The Boulanger Legacy is het derde album van de violiste Merel Vercammen. Op niet één uitgave trof ik tot mijn opluchting een vioolconcert van Bruch of vioolsonate van Mozart aan. Op Vercammens debuut-cd Symbiosis (2019) behalve Francks Vioolsonate louter stukken die ik nooit gehoord had, op de kort daarop verschenen tweede – The Zoo – stukken die ik nooit gehoord kón hebben; intrigerende improvisaties met collega’s, van celliste Maya Fridman tot pianist Rembrandt Frerichs.

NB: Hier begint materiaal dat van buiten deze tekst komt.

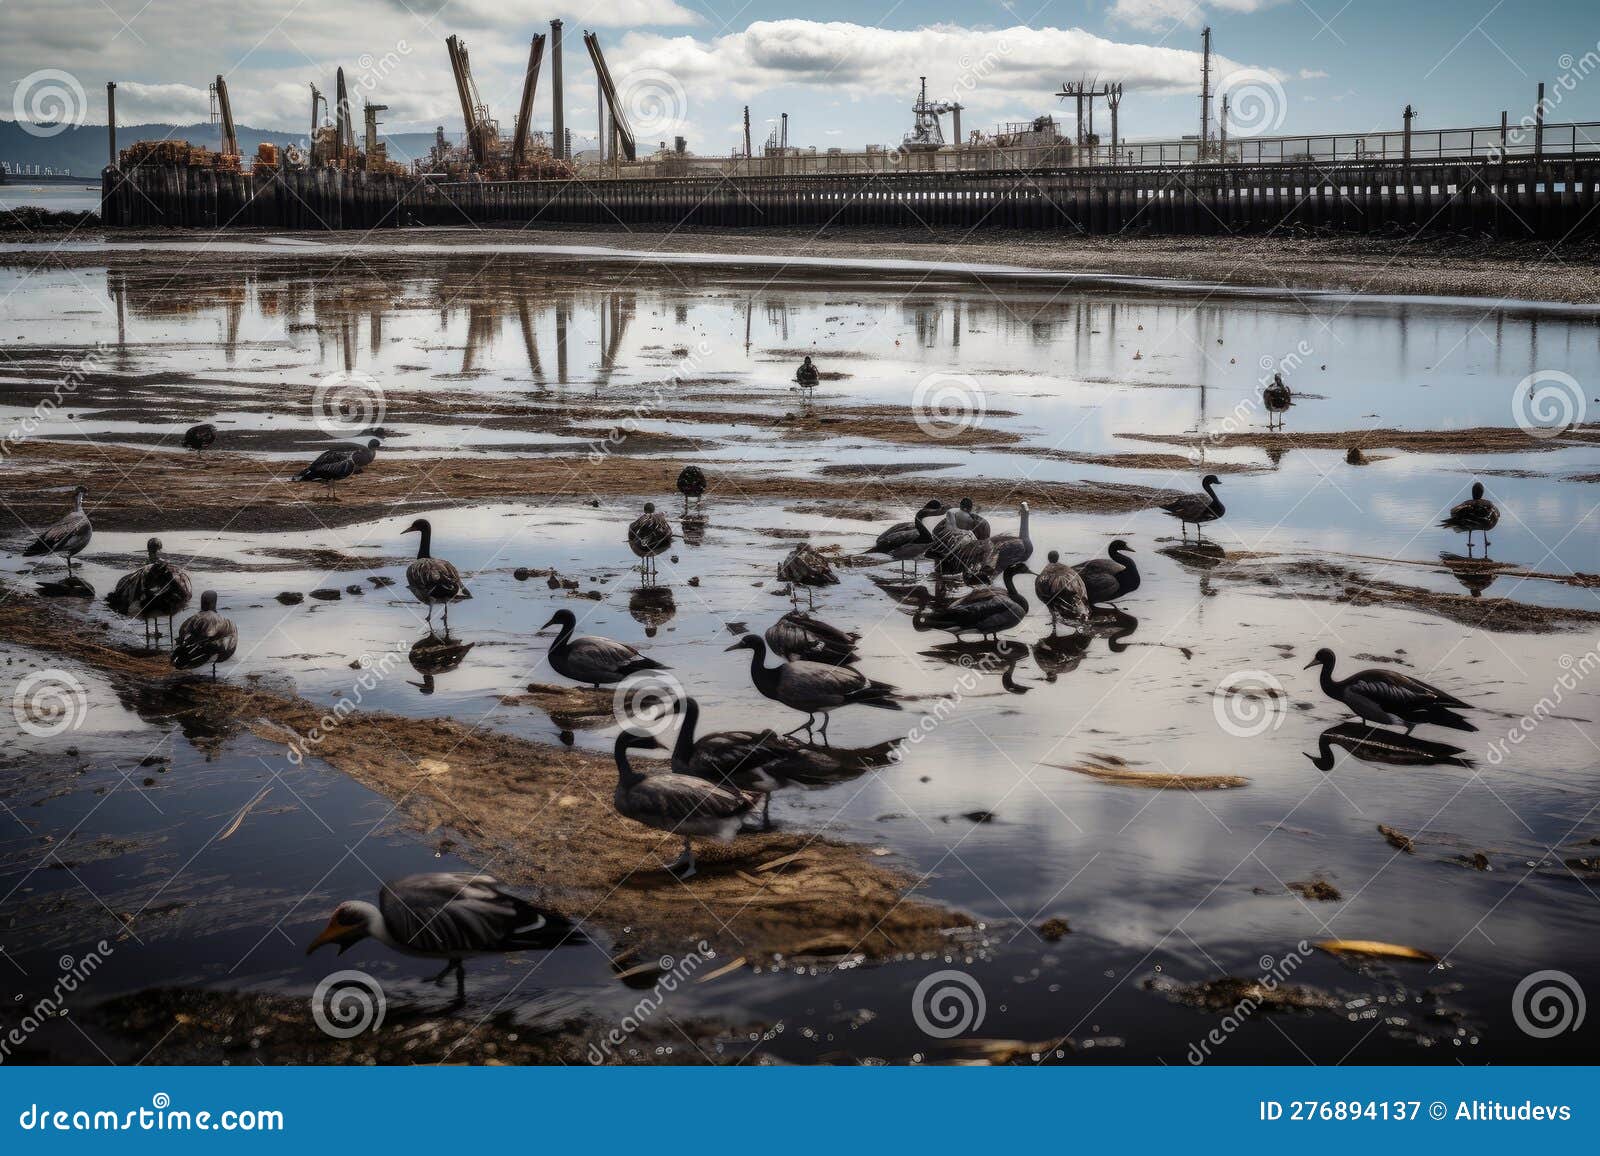 oil spill in the bay, with birds and fish swimming among the slicks

Aan Vercammens ontdekkingen heb je wat. De verrassing van Symbiosis was de Vioolsonate in d-klein (1914) van Poldowski, artiestennaam van Irene Regina Wieniawska (1879-1932) – dochter van de Poolse componist/ vioolvirtuoos Henryk Wieniawski. Een levend, bloedend stuk, geen slappe obscuriteit. En haar duopartner Dina Ivanova was en is klasse.

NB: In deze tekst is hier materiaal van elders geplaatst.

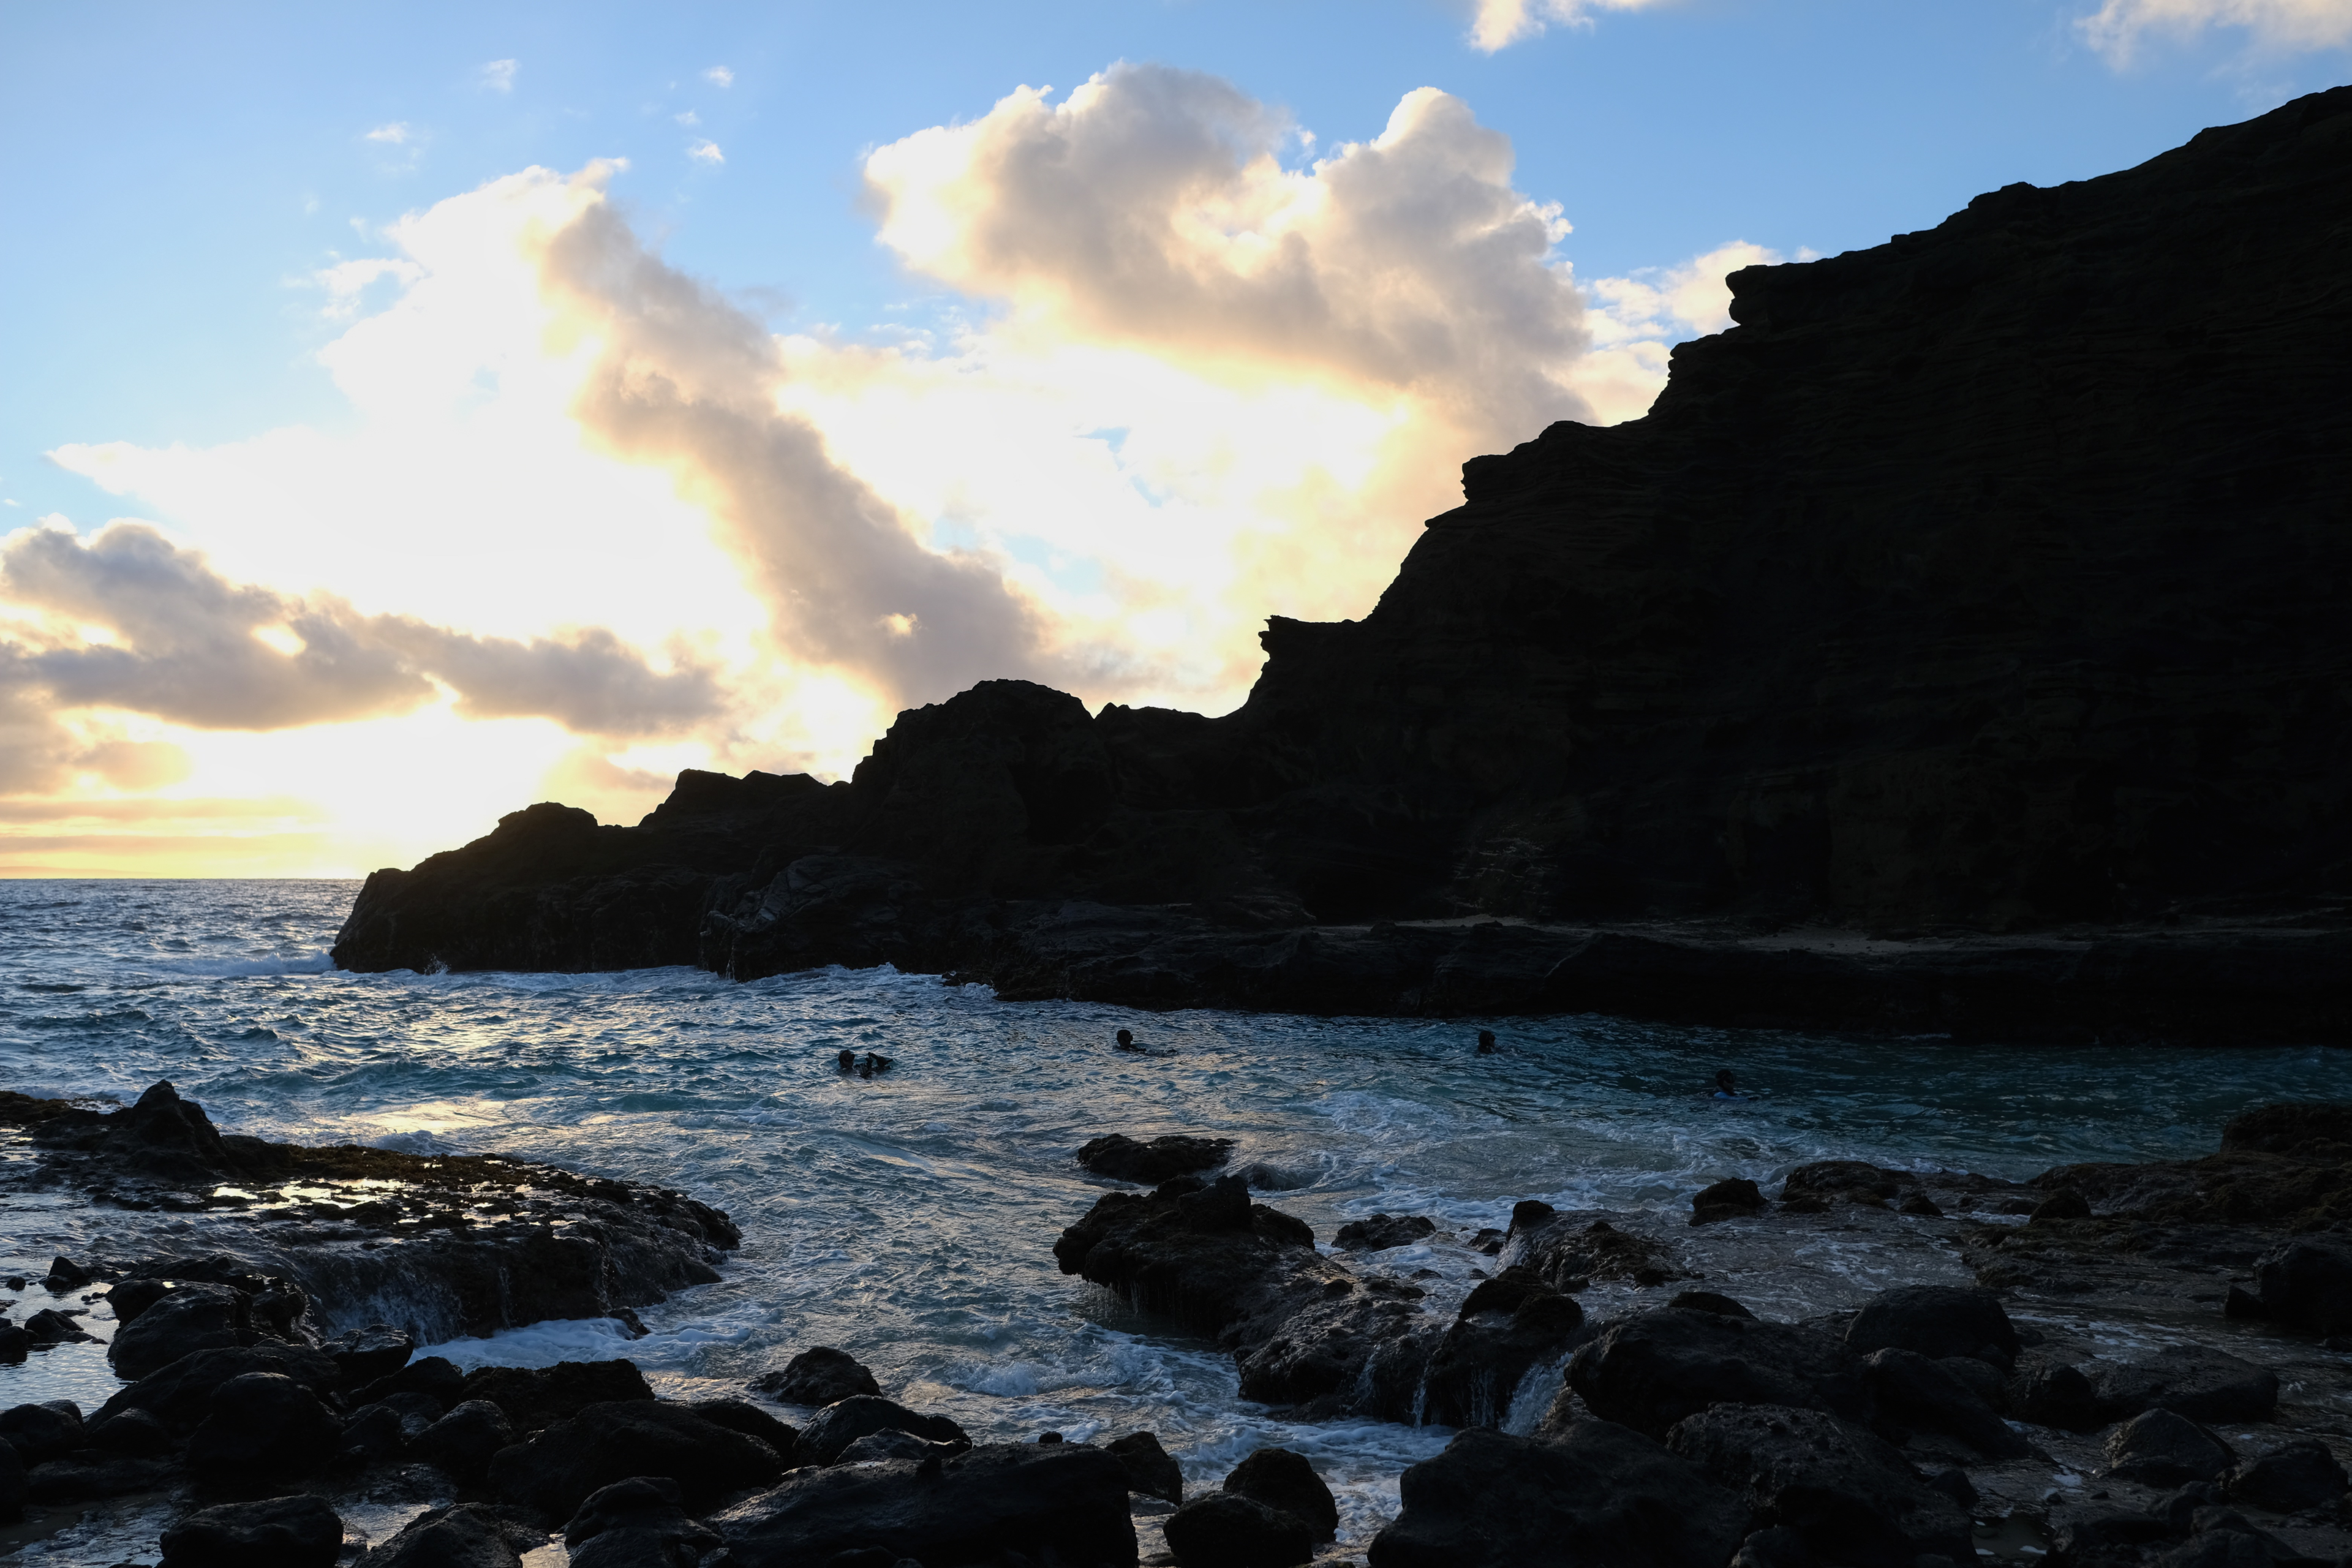 Four scuba divers slowly swimming out of a cove next to the Halona Blowhole at sunrise.

Dat het tegenwoordig zonder eeuwige herhaling van fossiele meesters kan is een goed teken. Jonge muzikanten gebruiken hun hersens en hun fantasie, doen serieuze ontdekkingen en leggen artistiek verrijkende verbanden. The Boulanger Legacy ontstond uit een idee waarvan de titel de perfecte samenvatting is. De Boulangers waren zussen die nogal wat nalieten. De jongste een klein maar kostbaar oeuvre en de pijn van haar vroege dood, de oudste een pedagogische nalatenschap met uitlopers tot ver in deze eeuw. Lili (1893-1918) was de jonggestorven grote belofte, met haar cantate Faust et Hélène in 1913 de eerste vrouwelijke winnares van de Prix de Rome, die haar in haar geboortejaar 77-jarige vader Ernest al in 1835 had gewonnen. Nadia (1887-1979) werd een van de belangrijkste compositiepedagogen van de twintigste eeuw, bij wie – van Aaron Copland tot Astor Piazzolla, Philip Glass, Leonard Bernstein en Quincy Jones – van de jaren twintig tot zeventig zo’n beetje iedereen aanwipte. De croissants op de cd-cover refereren aan haar bijnaam Boulangerie, de niet ongeestige verwijzing naar de vaart waarmee zij pupillen bakte. Prachtige opname weer van het jonge toplabel TRPTK, de uitstekende programmatoelichting wederom van Vercammen zelf. De crisis is niet fijn, maar wat een drive in de scheppende en uitvoerende kunsten. Een jonge generatie van fantastische musici regelt tot en met de financiering alles zelf – in dit geval bijna, want deze opname werd financieel ondersteund door de Utrechtse acupuncturist Gilles Stoop.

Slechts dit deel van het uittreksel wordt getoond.